• Extracted records
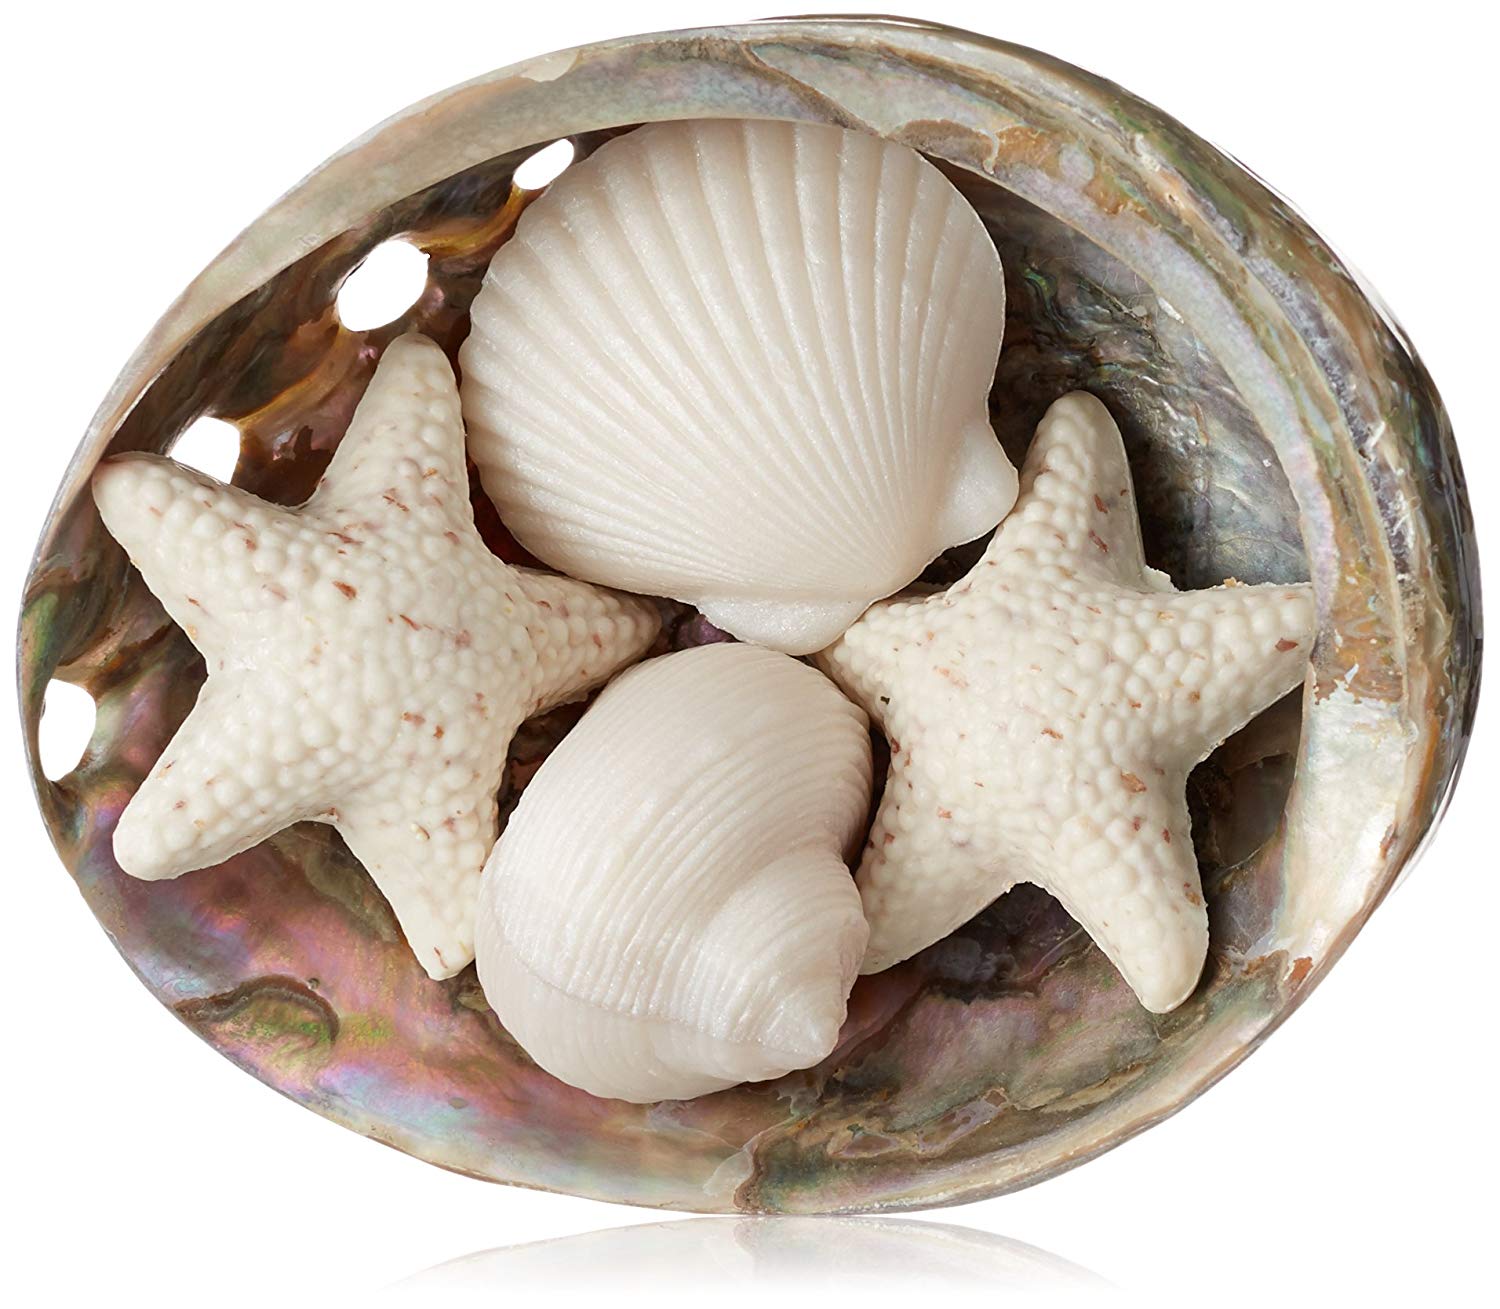 Amazon.com: Gianna Rose Seashell Soaps in a Pearlized Shell Dish ...
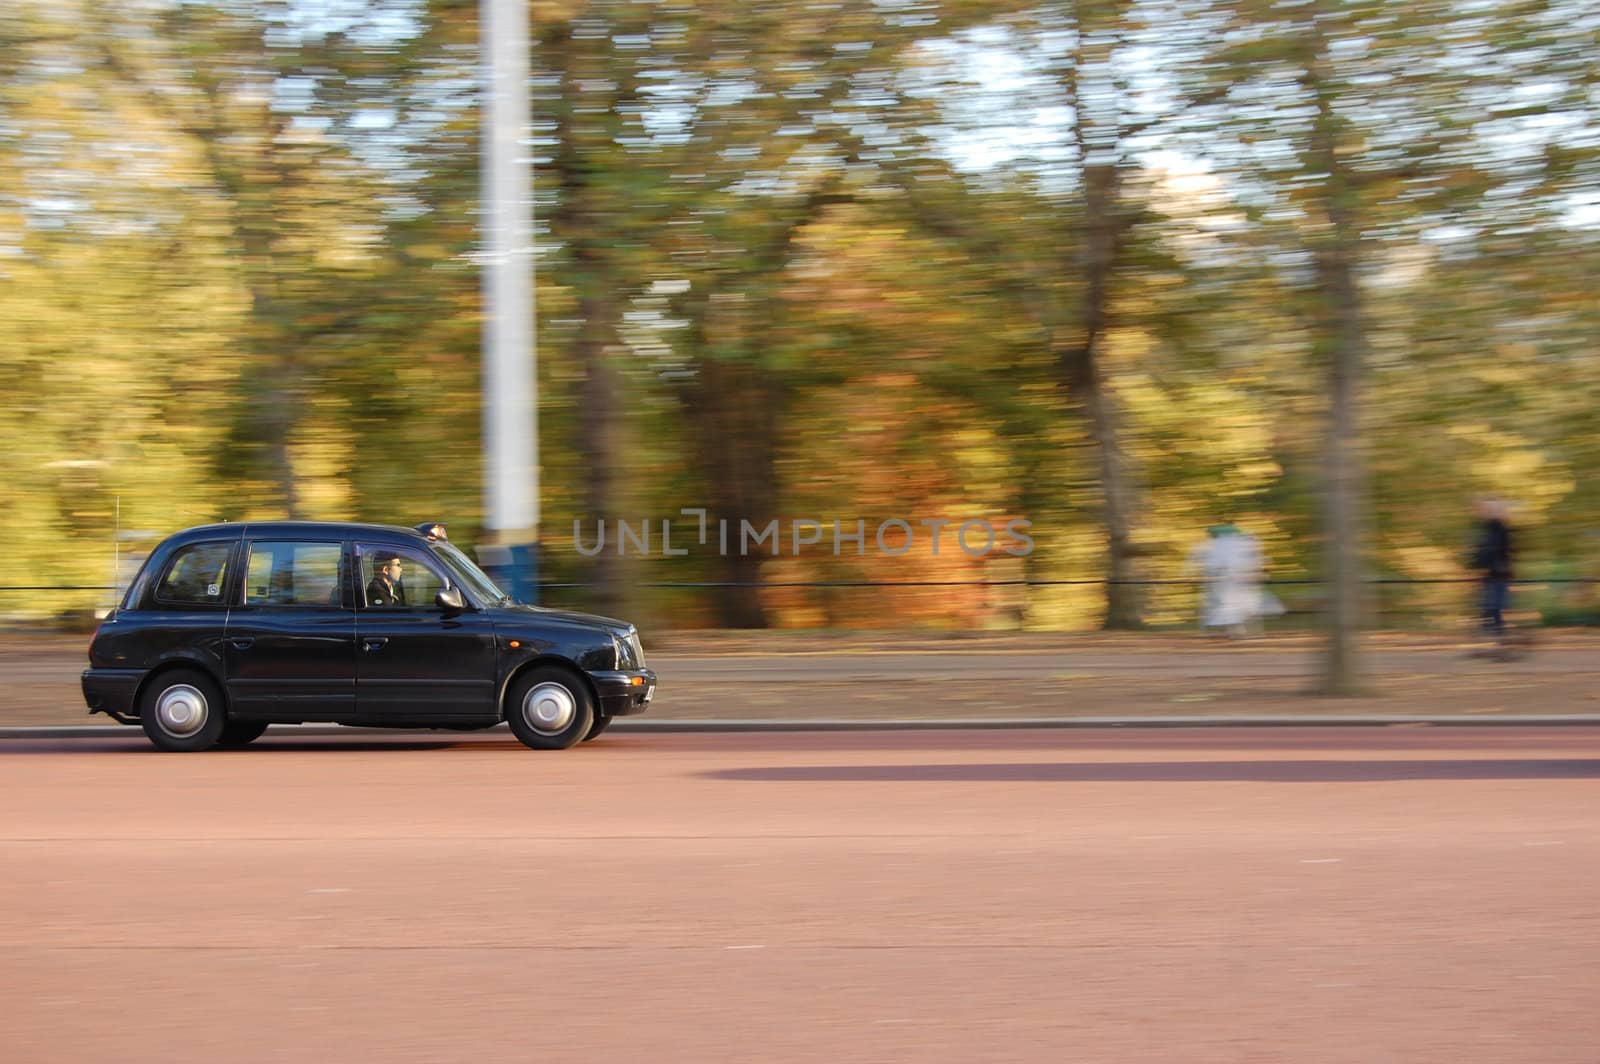 London black taxi passing St James Park near Buckingham Palace
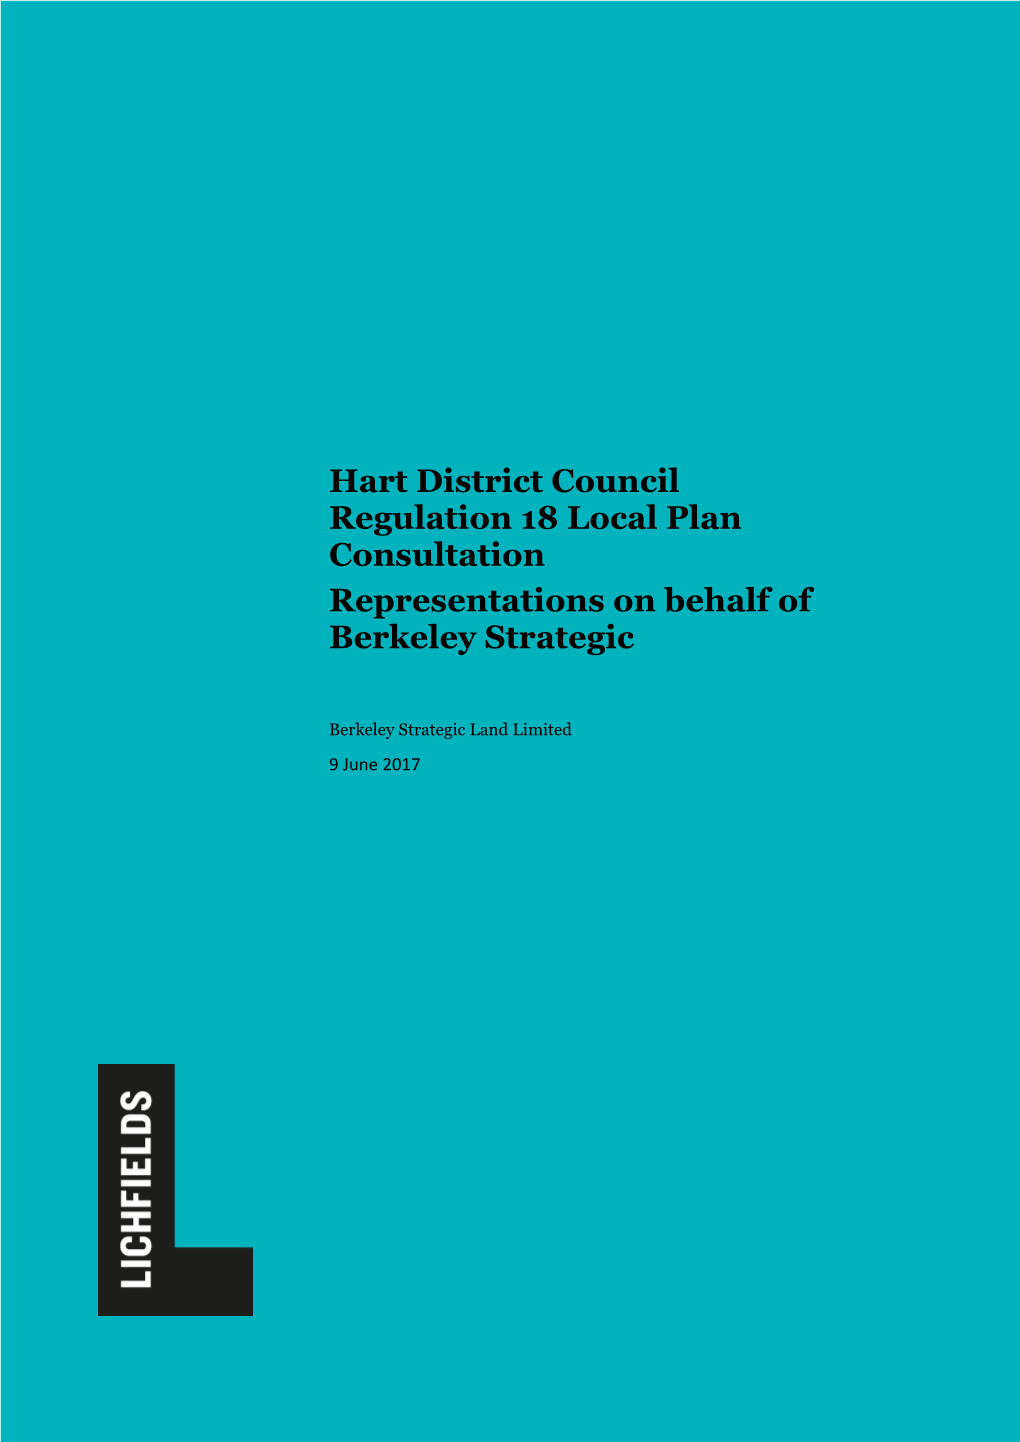 Hart District Council Regulation 18 Local Plan Consultation Representations on Behalf of Berkeley Strategic
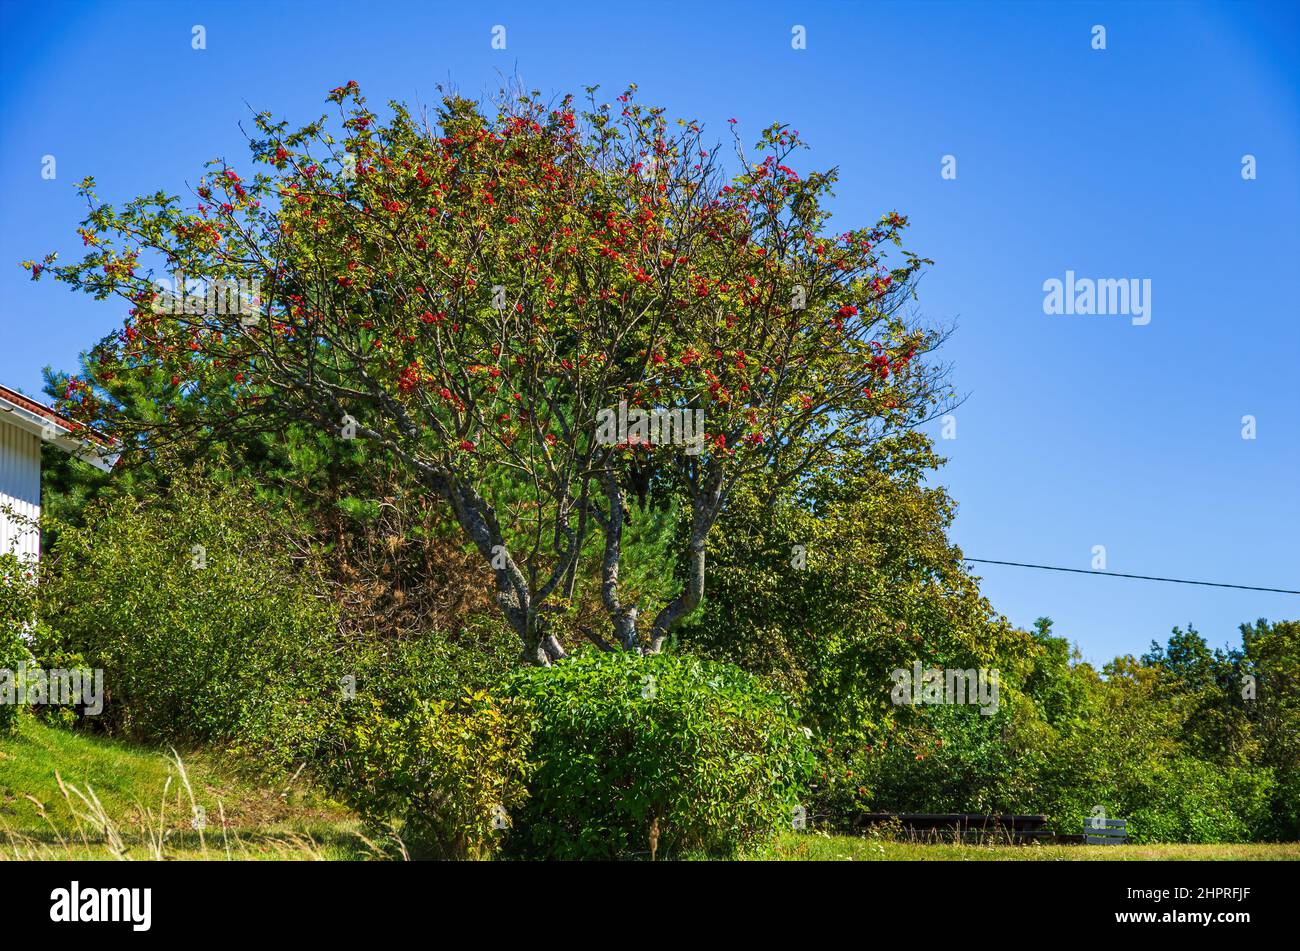 Rowan tree or mountain ash, Sorbus aucuparia, full of ripe rowan berries in a front garden. Stock Photo
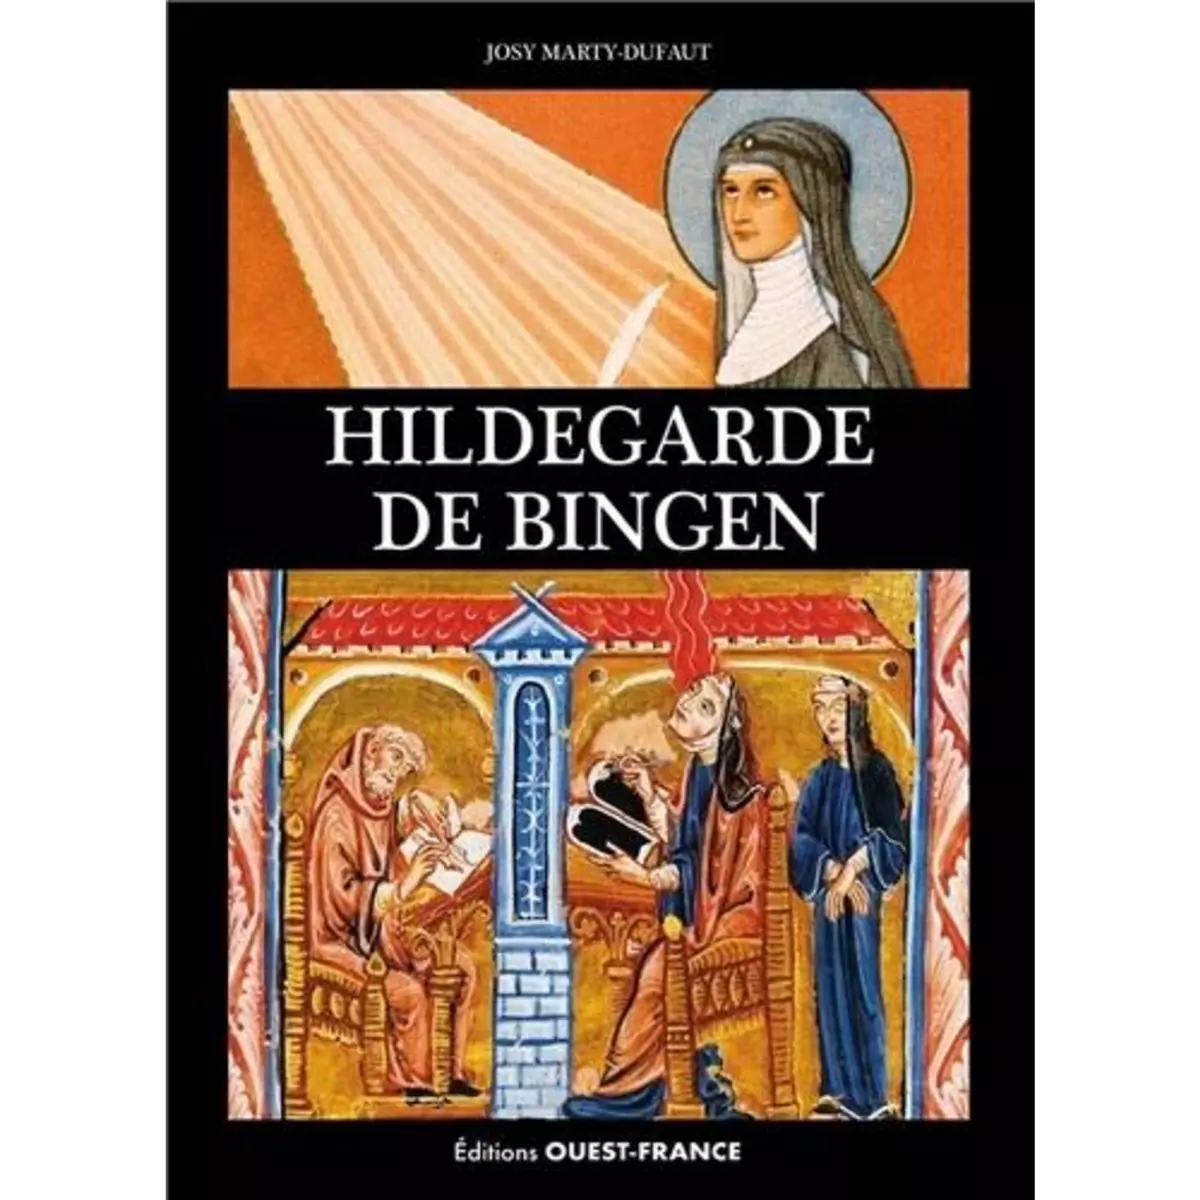  HILDEGARDE DE BINGEN, Marty-Dufaut Josy

• Requirement
Transcribe only the lines between the line containing "Hart District Council" and the final line of the listing, inclusive, exactly as they appear; no pictures are to be included.

• Solution
 Hart District Council Regulation 18 Local Plan Consultation Representations on Behalf of Berkeley Strategic
 Rowan tree or mountain ash, Sorbus aucuparia, full of ripe rowan berries in a front garden. Stock Photo
  HILDEGARDE DE BINGEN, Marty-Dufaut Josy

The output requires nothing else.